Carrie kindly shared with me these wonderful photographs as well as some heartwarming stories about her family. They start with her great-great-grandmother, Kiele (Caroline) Stern Loewenthal, the daughter of Sarah Goldschmidt and Salomon Stern, wife of Abraham Loewenthal. I wrote about Kiele here and here.
Here is a lovely photograph of Kiele and Abraham Loewenthal’s daughter, Selma, as a young woman; I see a strong resemblance to her mother.
Selma married Nathan Schwabacher:
And they had three children. Their daughter Alice was the oldest:
Alice was followed by Julius Alfred Schwabacher:
Gerhard Schwabacher, Carrie’s grandfather, was Selma and Nathan’s youngest child:
The two sons look remarkably similar to each other and to their father Nathan.
Alice Schwabacher married David Weinstein (later Wenten) and had one child, Wolfgang, depicted here as a young boy with his dog:
Julius Schwabacher married Margaret Wuertenberg and had one child, Eva Lore, the adorable little girl shown here:
This photograph of Selma Loewenthal Schwabacher and her brother Julius Loewenthal is undated, but must have been taken before 1936 when Julius left for the United States. Selma died in 1937 in Berlin.
Here is a closer one of Selma, probably taken around the same time:
The remaining photographs that Carrie shared with me appear to have been taken after the family immigrated to the United States. Their full story has been told here, so I won’t tell it again, but will share these photographs of the Schwabacher family in their new country and some of Carrie’s memories of her extended family.

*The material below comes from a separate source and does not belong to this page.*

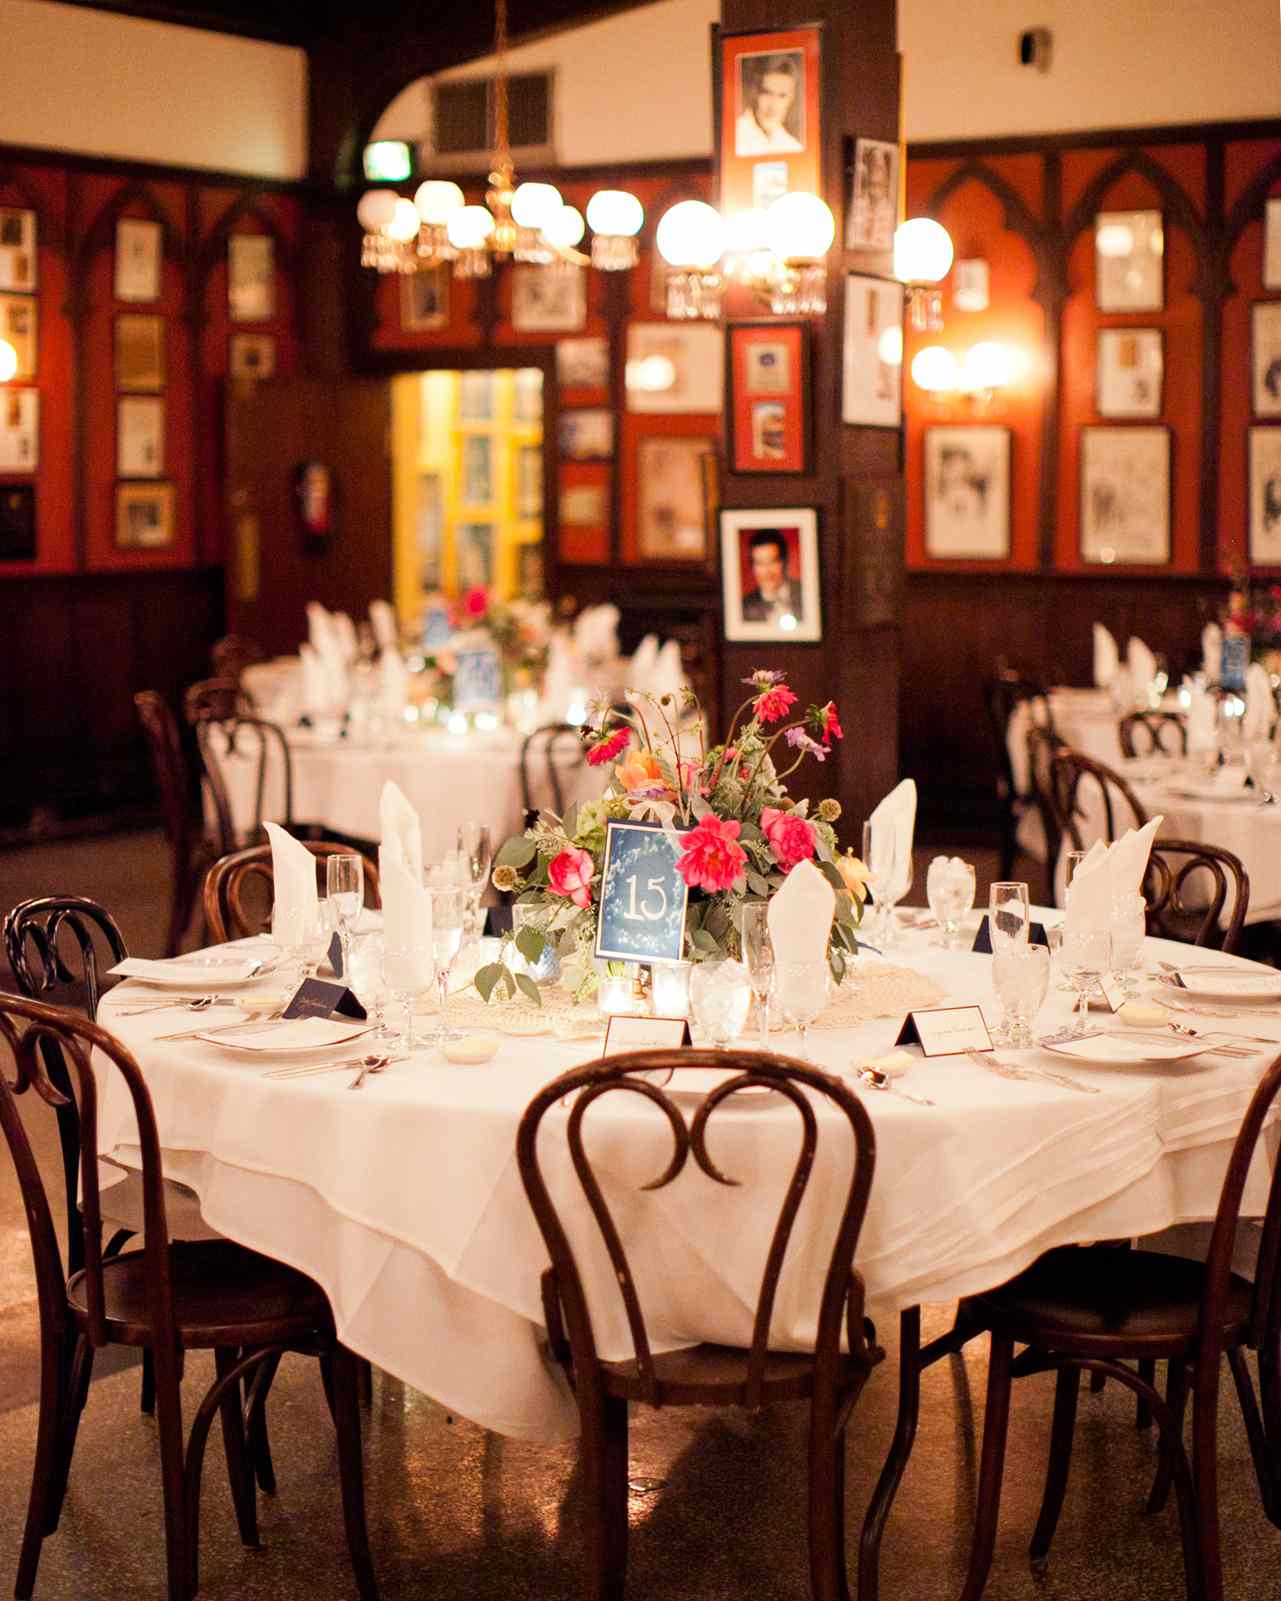 Pros and Cons of a Restaurant Wedding

She has wonderful memories of her grandparents, as she shared with me: “I have such great memories of my grand parents even though they died when I was 7. Christmas was a very special time – like a scene from the Nutcracker. As children, we celebrated Hanukkah, Christmas and Epiphany ( my mom’s side of the family is Russian Orthodox). We got presents for months, or it seemed like it.” She also wrote that her Opa, Gerhard Schwabacher, always gave each of his grandchildren a quarter every time he saw them.
Other holidays were spent with her great-uncle Julius Schwabacher, who became Fred Wenten in the US, and his wife Else in Proctor, Vermont: Fred and Elsa owned an Inn in Proctor Vt. The entire family spent a few holidays there as well. The toasts would go on for so long that someone would finally say “let the children eat their fruit cocktails before they fall asleep”. And then, dinner would start.”
Here’s a photograph of Fred Wenten in the US:
Fred’s daughter Eva Lore was also a favorite of Carrie. Eva Lore married Henry Corton in 1951. Carrie wrote this about them:
“Henry was a fabulous dancer and would sometimes break into buck and wing ( tap dancing) in the kitchen even when he was old. We visited then often when they lived in Jamaica, Queens. We always went out for walks. We met Bella Abzug at the Cloisters in NY. He was very fond of Pavorotti and considered him a “distant cousin“. It got him back stage at the Met many times. Eva and Henri took us to Ringling Bro’s. And Barnum & Bailey Circus and the Ice Capades when we were little. We visited Eva Lore in LaGuna Hills, helped her pack and move to Baltimore, and took her to her first McDonalds meal. The “Apple Strudel “ was her favorite. Apple Pie. Even at 79, she was booking her own travel on her computer. They never had children, but spoiled us.”
Here are some of the photographs of Eva Lore and Henry that Carrie shared with me:
Carrie also has warm memories of her great-aunt Alice Schwabacher Weinstein (Wenten in the US):
“We went to visit Tanta Alice for the holidays every year in Washington Heights, NY. I always wanted to take a nap, because I loved the big square Feather pillows on the bed. She always had such great treats for us, German delicacies. She was extremely socially active. Wolf would remark that he had to make an appointment just to visit his mother. We had her 90 th birthday party at window on the worlds – top of the World Trade Center. It was incredible to meet so many people originally named Schwabacher.”
This photograph shows Alice with her son Wolfgang and his wife Ruth.
Finally, this is a photograph of the three Schwabacher siblings and their spouses taken in the US:
I am extremely grateful to my cousin Carrie for sharing her memories and these photographs. She really has brought to life this strong and loving family who escaped from Germany and started a wonderful new life in the United States.